Plus berikutnya tampak pada dunia kesehatan. Pusat kesehatan masyarakat (puskesmas) lengkap dengan dokternya telah lama memasuki kawasan yang dulunya tak terjangkau. Banyak di antara puskesmas itu yang mentereng, dibangun di tempat-tempat strategis, demi pelayanan negara terhadap rakyat banyak. Terakhir, diluncurkan pula program untuk menyantuni keluarga miskin (gakin) dengan pengobatan cuma-cuma. Bukankah ini sebuah kemajuan yang patut disyukuri? Plus yang lain masih banyak.
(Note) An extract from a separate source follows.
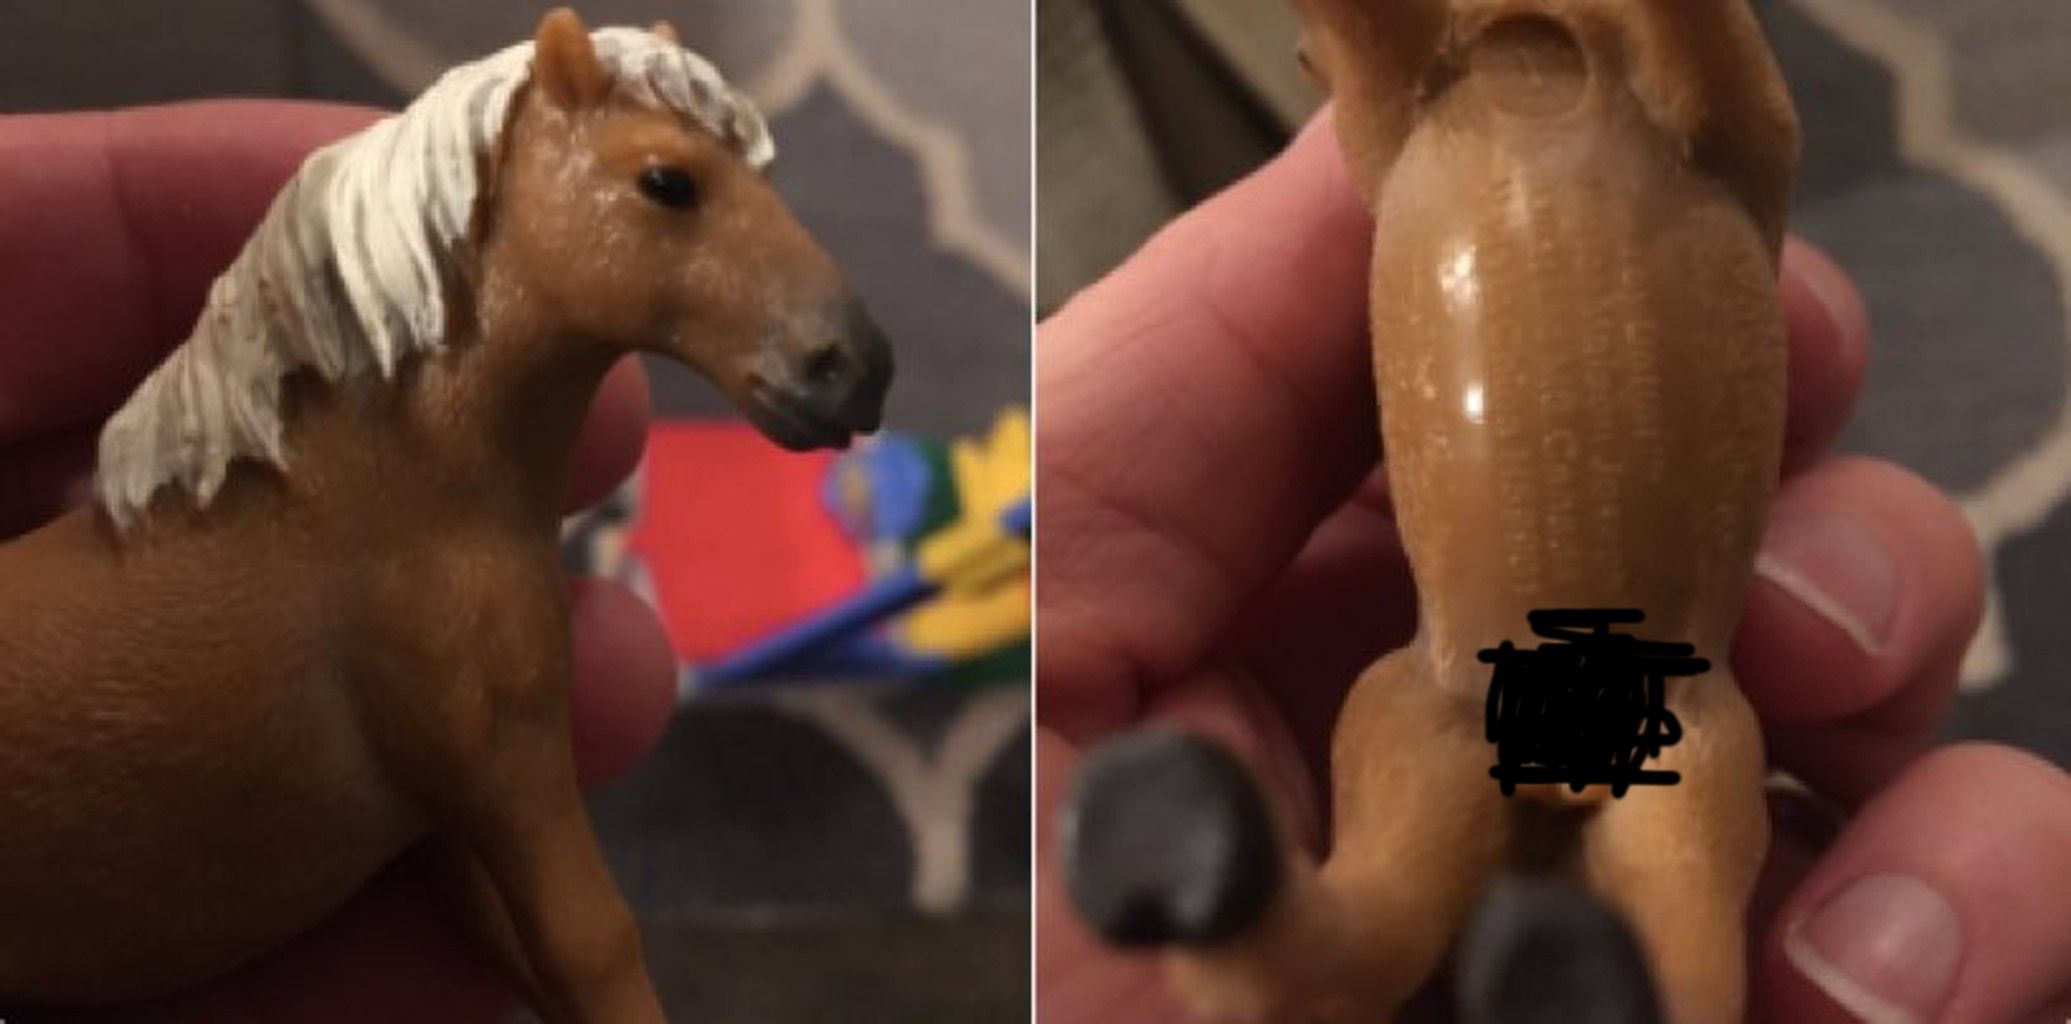 Horse Penis

Sekarang di mana minusnya? Minus pertama terletak pada kenyataan jumlah rakyat miskin masih sangat tinggi, hampir separuh penduduk Indonesia yang sekarang sudah mencapai sekitar 240 juta, dibandingkan dengan hanya 70 juta saat lonceng kemerdekaan dipukul nyaring, 63 tahun silam. Masalah kemiskinan ini jelas terkait secara organik dengan ketidakmampuan negara melaksanakan UUD yang proorang miskin. Dalam pelaksanaannya, yang terjadi adalah UUD disulap menjadi proorang kaya. Maka, akibatnya berdirilah dengan amat nyata bangunan piramida kaya-miskin dengan perbedaan yang tajam sekali. Di pucuk piramida, bertahtalah segelintir manusia kaya dengan penghasilan 1-3 miliar per bulan, sementara di posisi terbawah terbentanglah lautan kemiskinan yang luas, tanpa penghasilan.

Minus berikutnya adalah semakin mengguritanya laku korupsi di kalangan elite birokrasi dan perusahaan dari tingkat atas sampai tingkat bawah, plus kerusakan lingkungan yang parah. Kondisinya sudah sangat berbahaya, tetapi negara masih gagal menanggulanginya.Minus ketiga terlihat di kancah politik yang sekarang sedang dijadikan mata pencarian, karena lapangan kerja masih sangat sempit. Anda bisa memperkirakan dampak buruknya yang nyata saat politik telah menjadi ajang rebutan mengais rezeki, persis seperti makhluk lain berebut tulang. Minus yang lain, bisa Anda jejerkan sendiri. Semua minus ini berhulu pada rapuhnya bangunan kultur kita. Tetapi, Indonesia adalah negeri dan bangsa yang wajib kita bela.